» **MATERIAL FOR THE TASK**
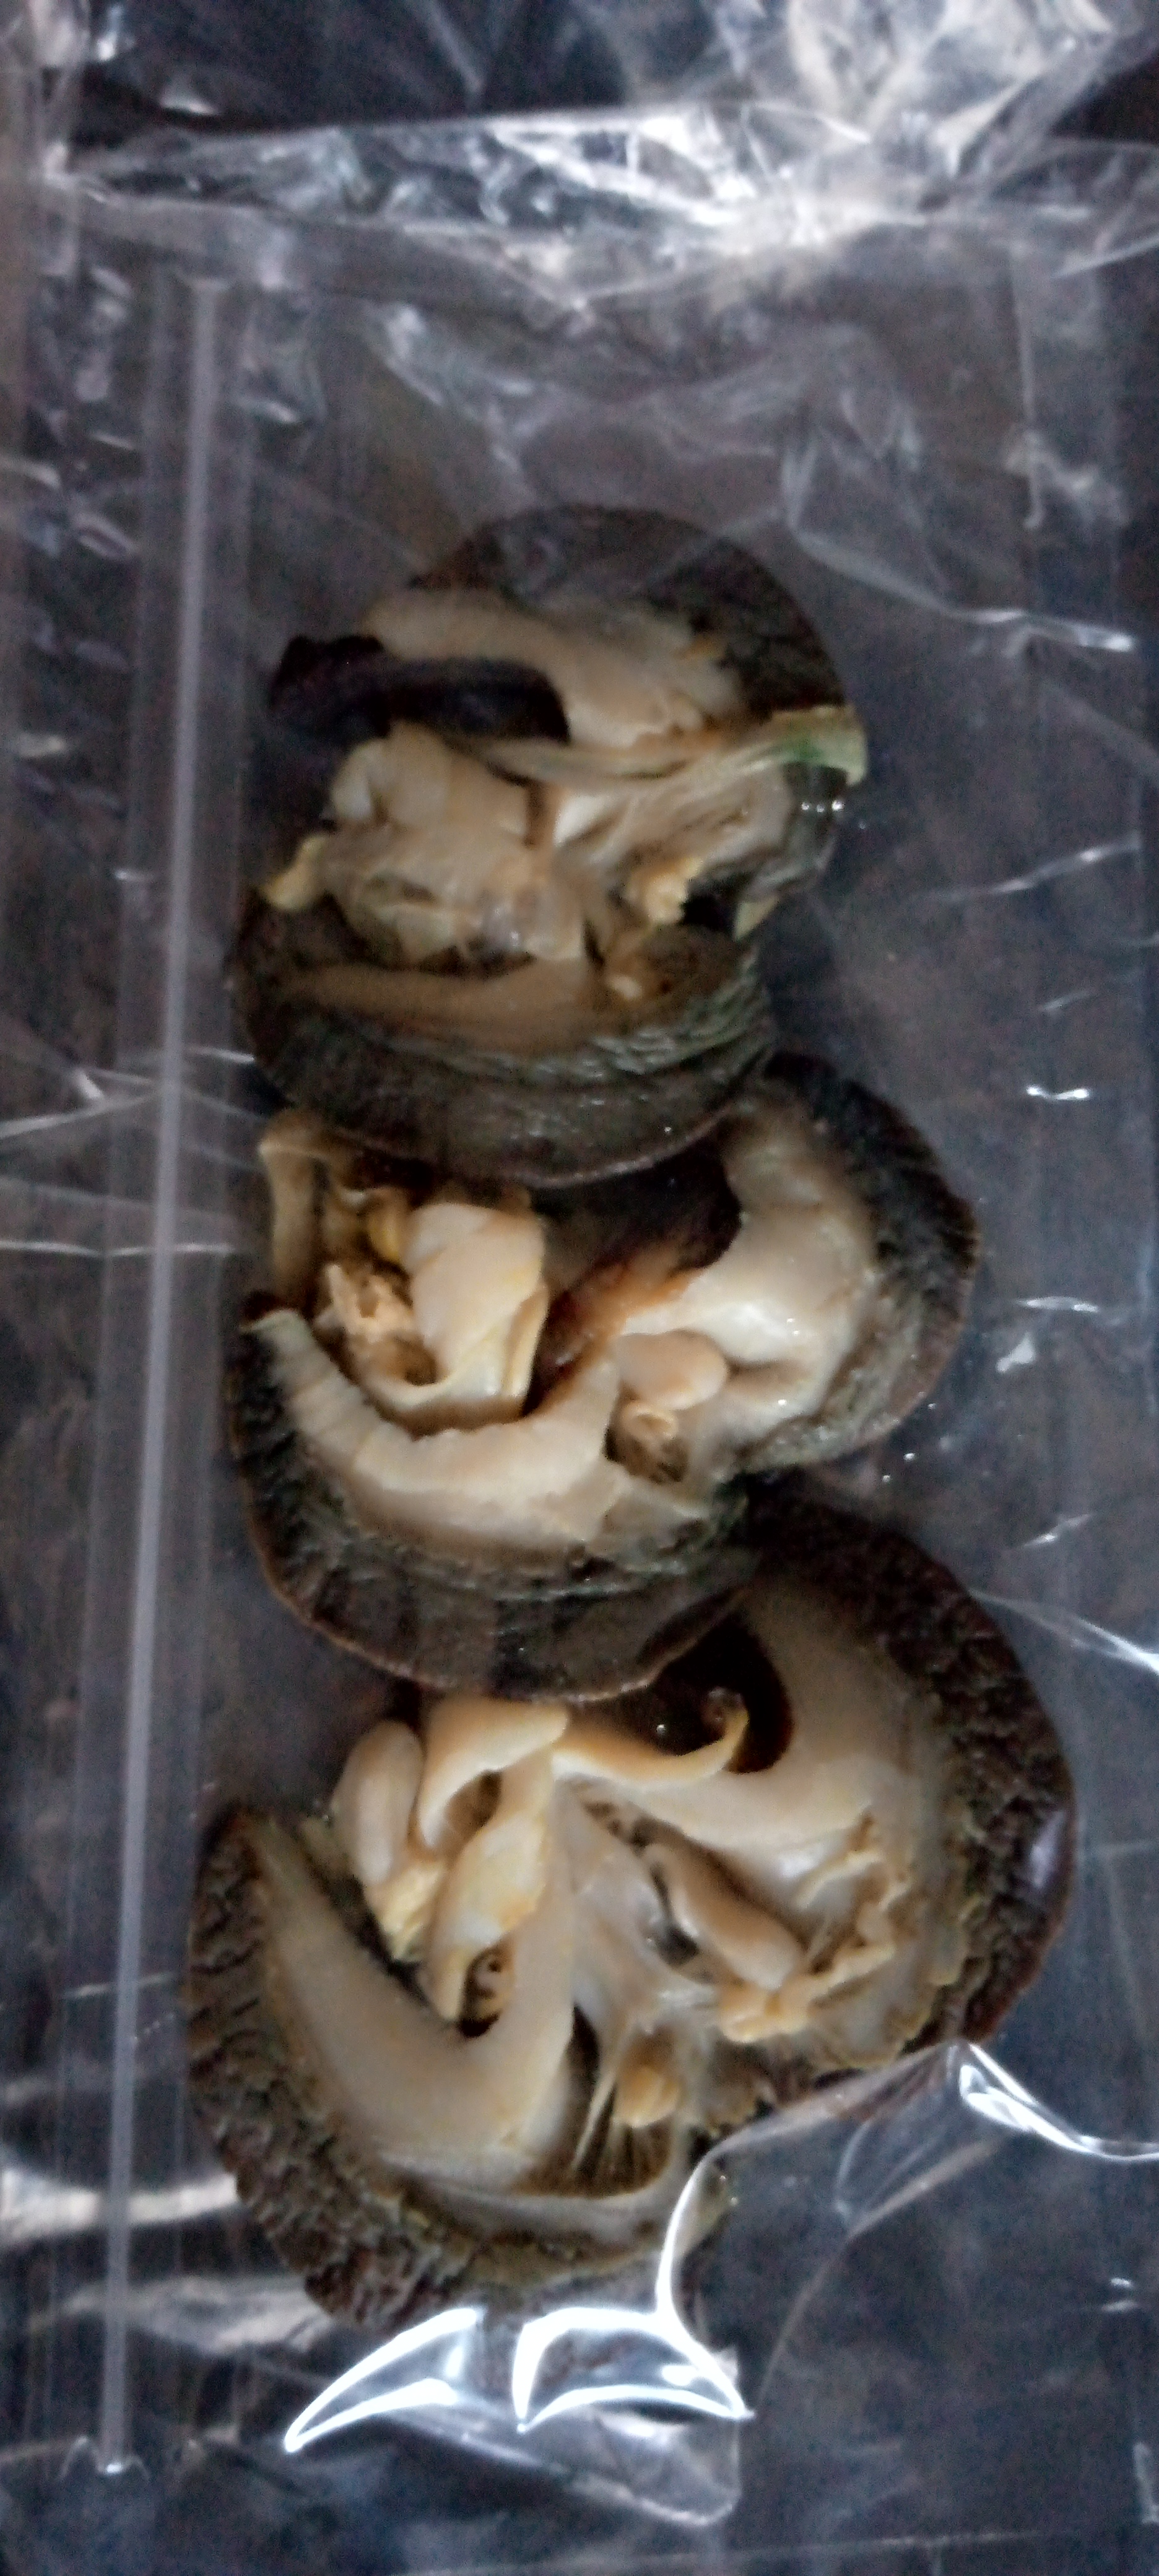  Frozen Jumbo size snails by  Crissy Foods And Agro Limited 

Jumbo size snails

Our business can supply large size  snails in large quantity

Weighing anywhere between 4-7 pounds, they’re caught fresh and kept healthy. 
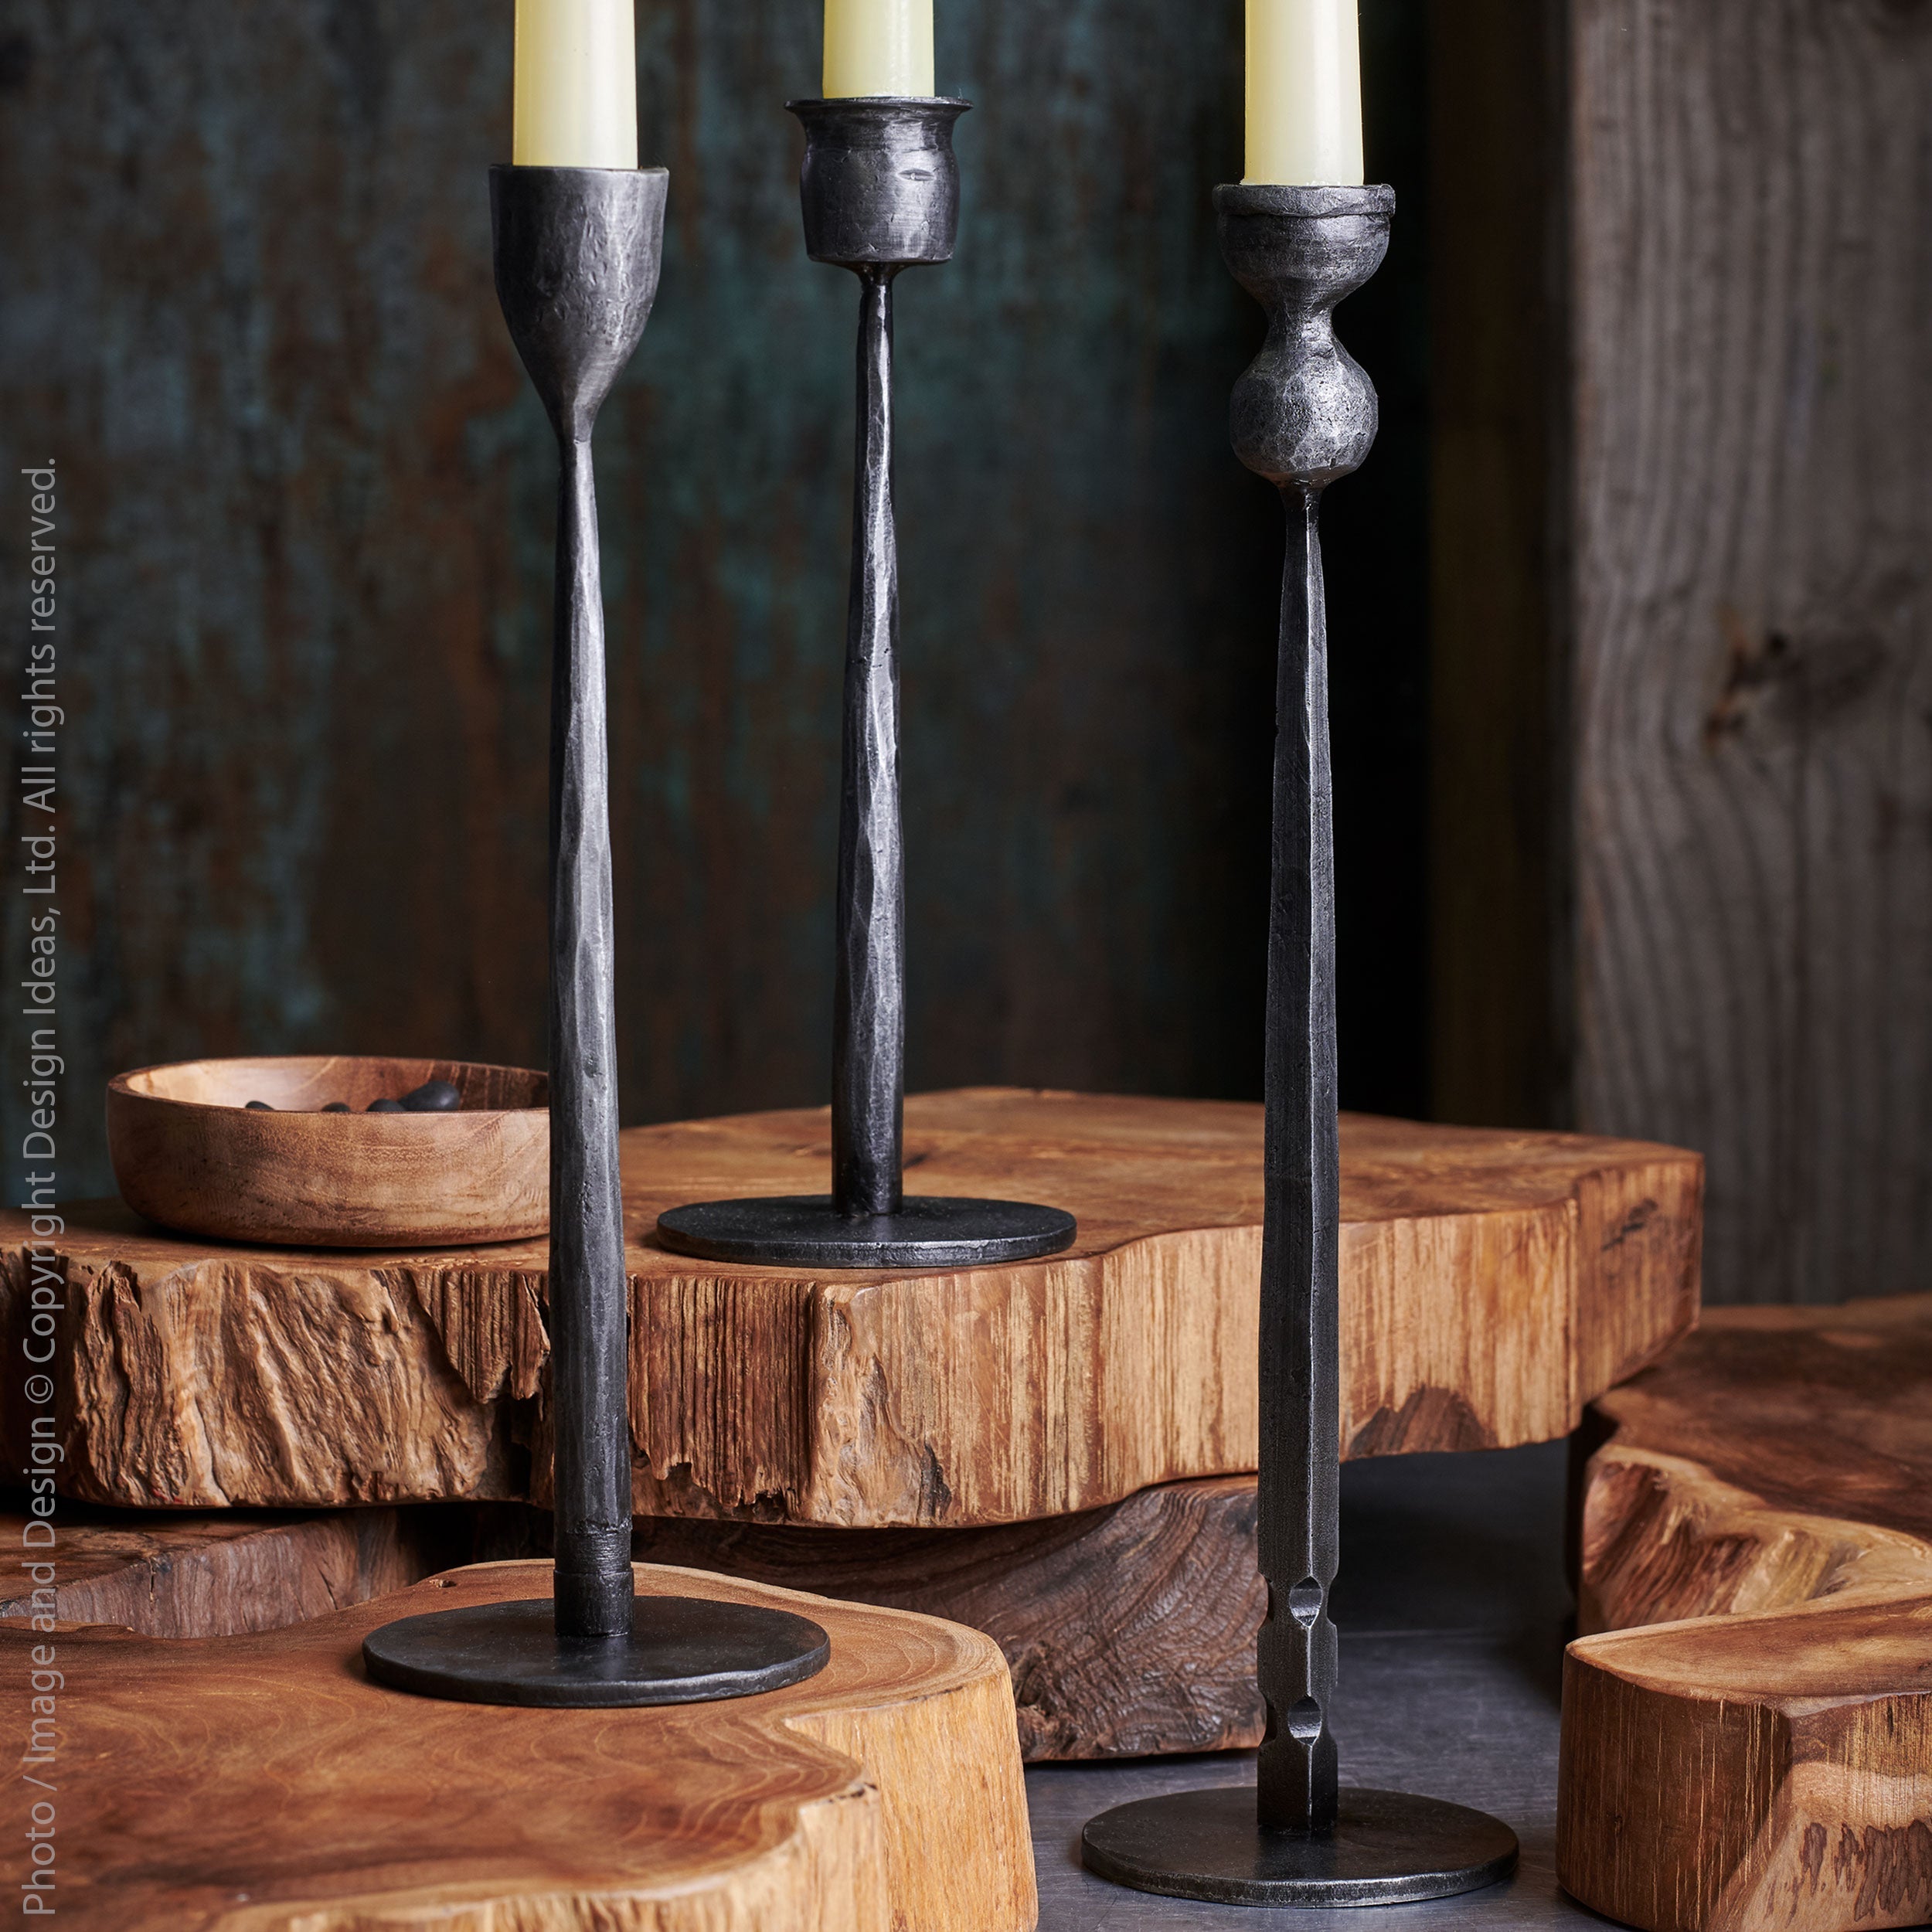 Jasper Iron Taper Candle Holder (9.8 Inch) Black Color | Image 2 | From the Jasper Collection | Skillfully constructed with natural iron for long lasting use | Available in copper color | texxture home

» **ABOUT THIS TASK**
Copy exactly the lines from the line containing "Our business can" through the last line of the records above, both included, and leave out any pictures.

» **YOUR RESPONSE**
Our business can supply large size  snails in large quantity

Weighing anywhere between 4-7 pounds, they’re caught fresh and kept healthy. 
 Jasper Iron Taper Candle Holder (9.8 Inch) Black Color | Image 2 | From the Jasper Collection | Skillfully constructed with natural iron for long lasting use | Available in copper color | texxture home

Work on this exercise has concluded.